Kuzalogly написал(а):


> Дайте телефон или иные контакты этой "стороны". Я завтра со "стороной" обсужу неизвестность мастеров.


Это я так прописал образно говоря.


----------



## vev (4 Янв 2021)

Сергей Иванов 

Насколько я помню, и видел на своей Селекте (такие же и на Супите стоят), это Бугари, но не тот, который инструменты ваяет, а отдельная голосовая фабрика


----------



## Сергей Иванов (4 Янв 2021)

vev написал(а):


> Сергей Иванов
> 
> Насколько я помню, и видел на своей Селекте (такие же и на Супите стоят), это Бугари, но не тот, который инструменты ваяет, а отдельная голосовая фабрика


Я кстати дилеров - вельтмайстер допытывал по этому вопросу, молчат как партизаны. Говорили вроде как голоса итальянские, но кто именно является производителем - не говорят, а говорят, что данная информация является конфиденциальной и разглашению не подлежит. Вот так вот и живем, имеем собственно инструмент, а что там внутри, одному Богу известно.


----------



## vev (4 Янв 2021)

Сергей Иванов, 

А стоит ли этим заморачиваться? Главное в голосе - его качество. То, насколько правильно сформирован профиль язычка и качество подгонки окна. Все остальное - это уже резонаторы и корпус. 

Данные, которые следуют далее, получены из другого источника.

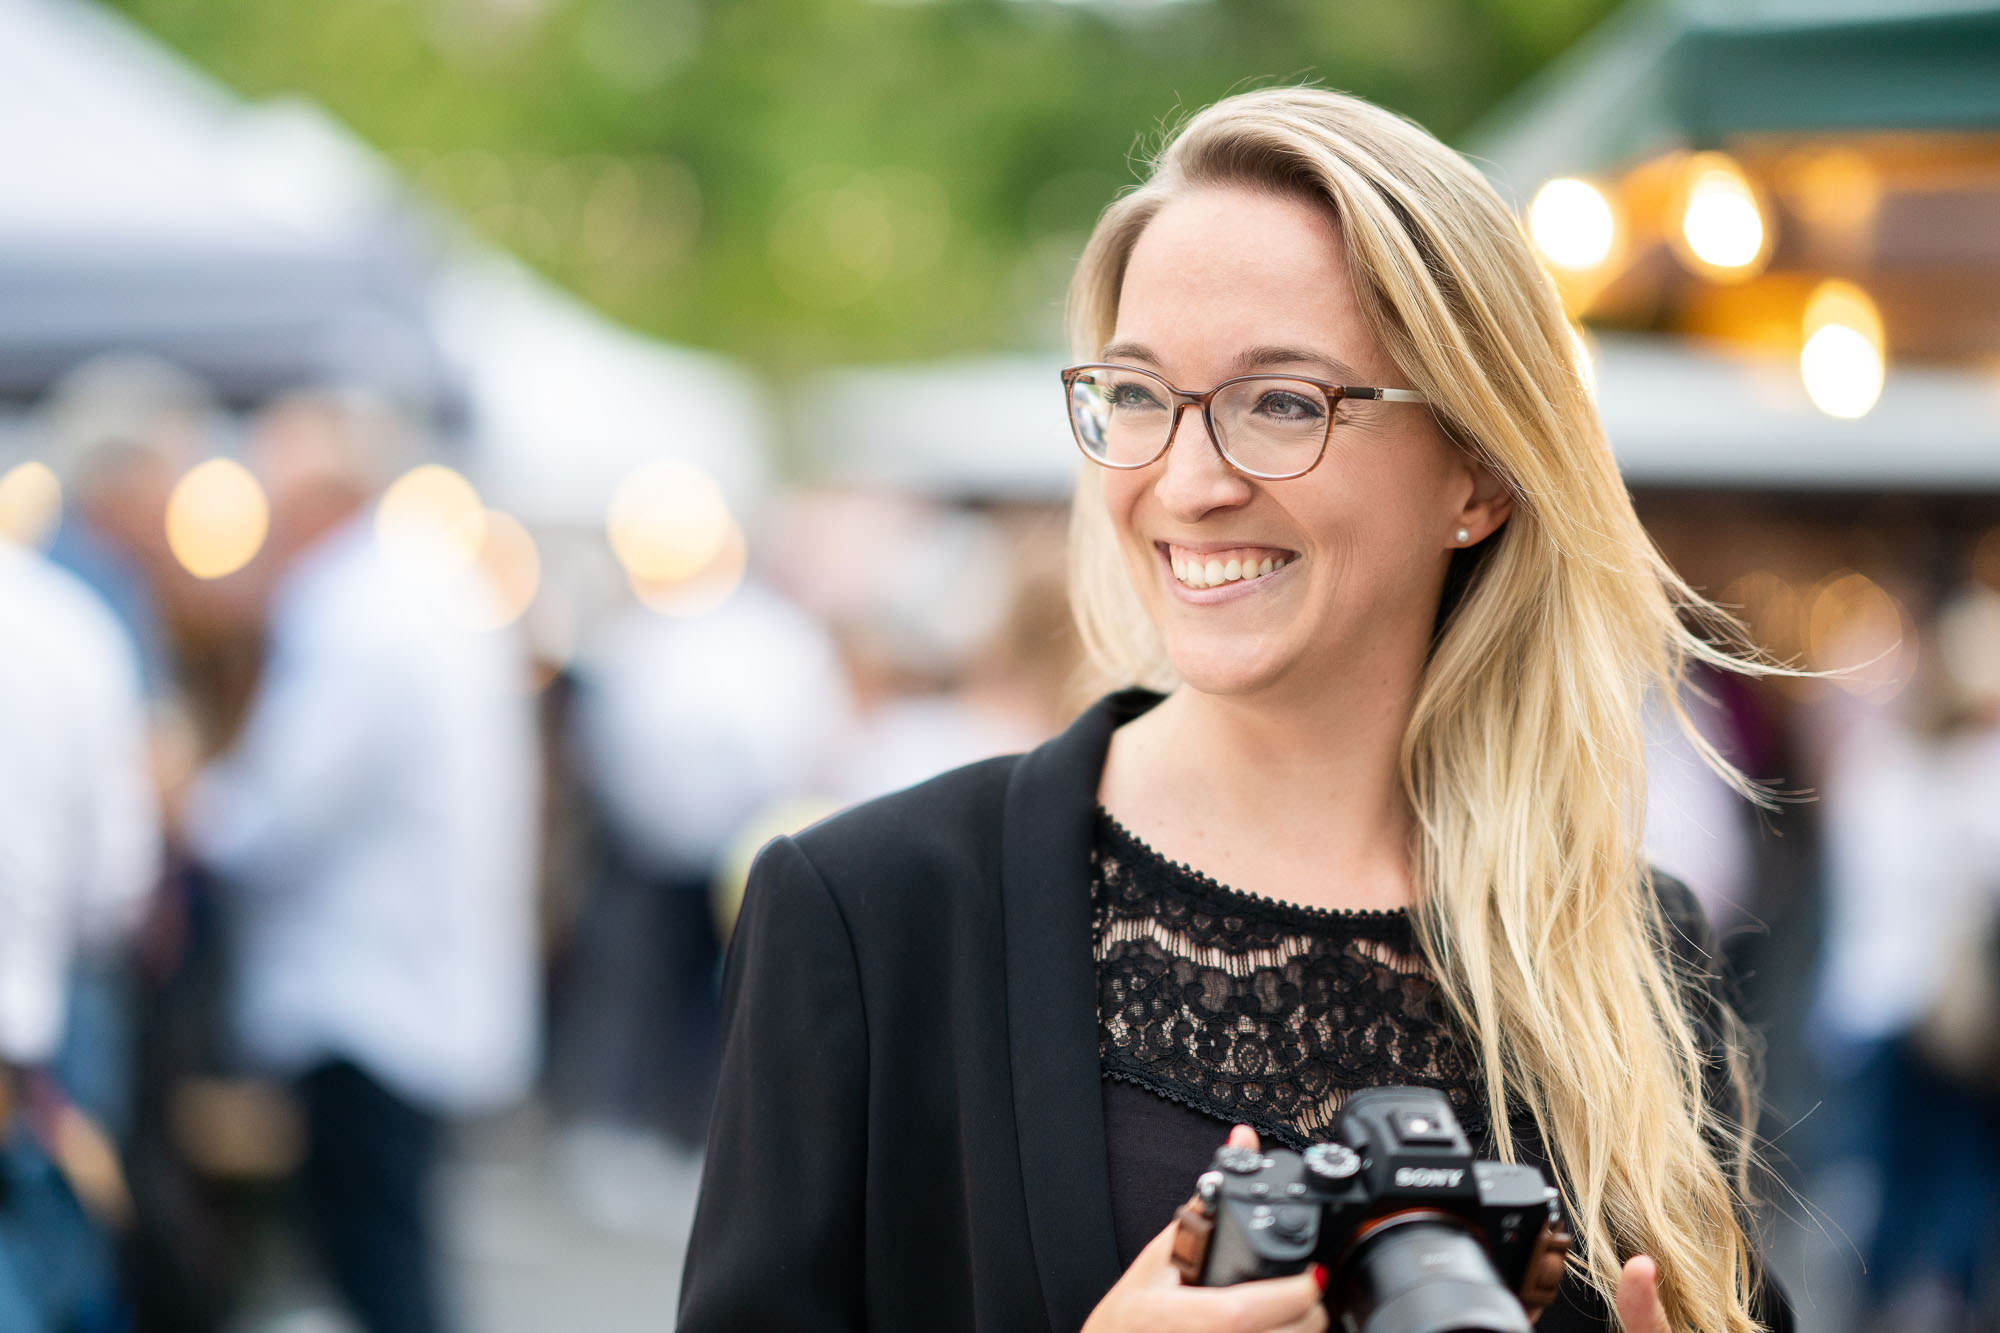 Hochzeitsfotografin Annika List aus Wiesbaden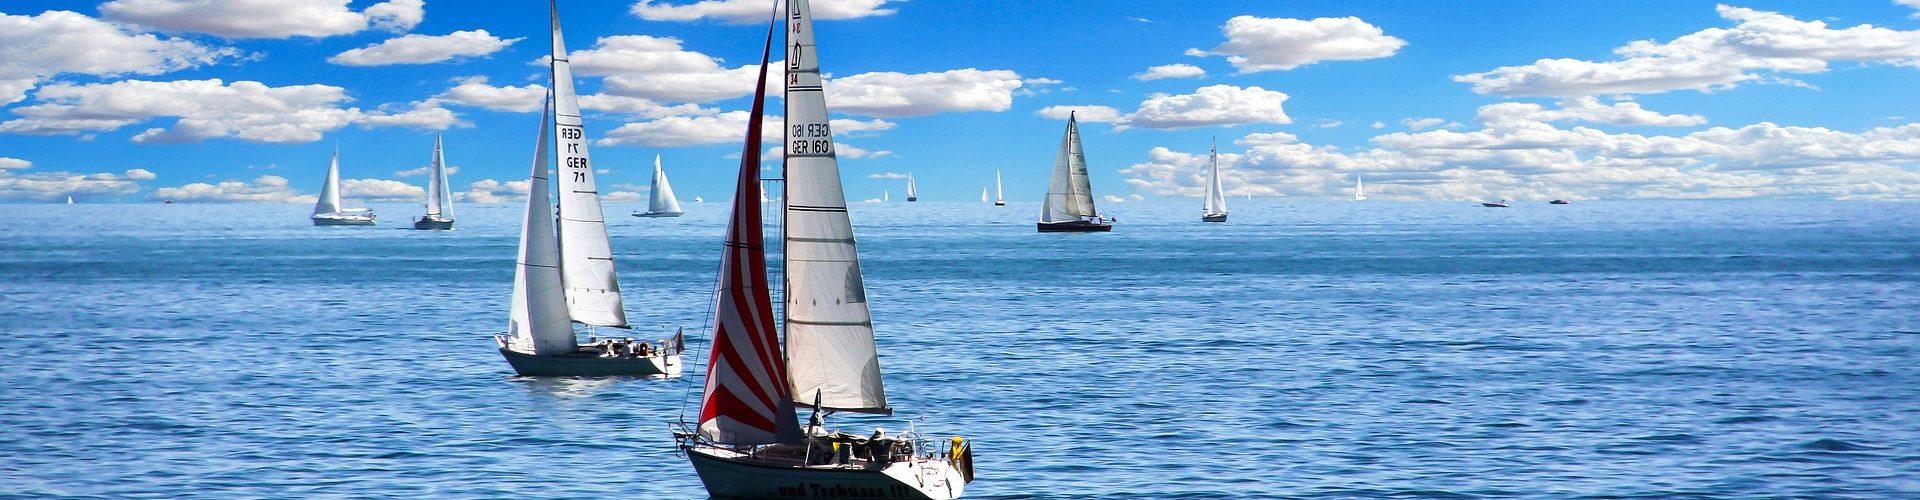 segeln lernen in Beetzsee segelschein machen in Beetzsee 1920x500 - Segeln lernen in Beetzsee

Пирамидальная клепка указывает на тип A mano и этого вполне для понимания хватает ИМХО


----------



## Сергей Иванов (4 Янв 2021)

vev написал(а):


> Сергей Иванов,
> 
> А стоит ли этим заморачиваться? Главное в голосе - его качество. То, насколько правильно сформирован профиль язычка и качество подгонки окна. Все остальное - это уже резонаторы и корпус.
> 
> Пирамидальная клепка указывает на тип A mano и этого вполне для понимания хватает ИМХО


Я в этом деле не силен, поэтому решил попытаться выяснить, где тут собственно правда.


----------



## vev (4 Янв 2021)

Сергей Иванов, 

для информации






ТИПО А МАНО 2-ОЙ КЛАСС | HARMONIKAS s.r.o.


ТИПО А МАНО 2-ОЙ КЛАСС - HARMONIKAS s.r.o.



www.harmonikas.cz


----------



## Сергей Иванов (4 Янв 2021)

vev написал(а):


> Сергей Иванов,
> 
> для информации
> 
> ...


Спасибо, теперь понятно.


----------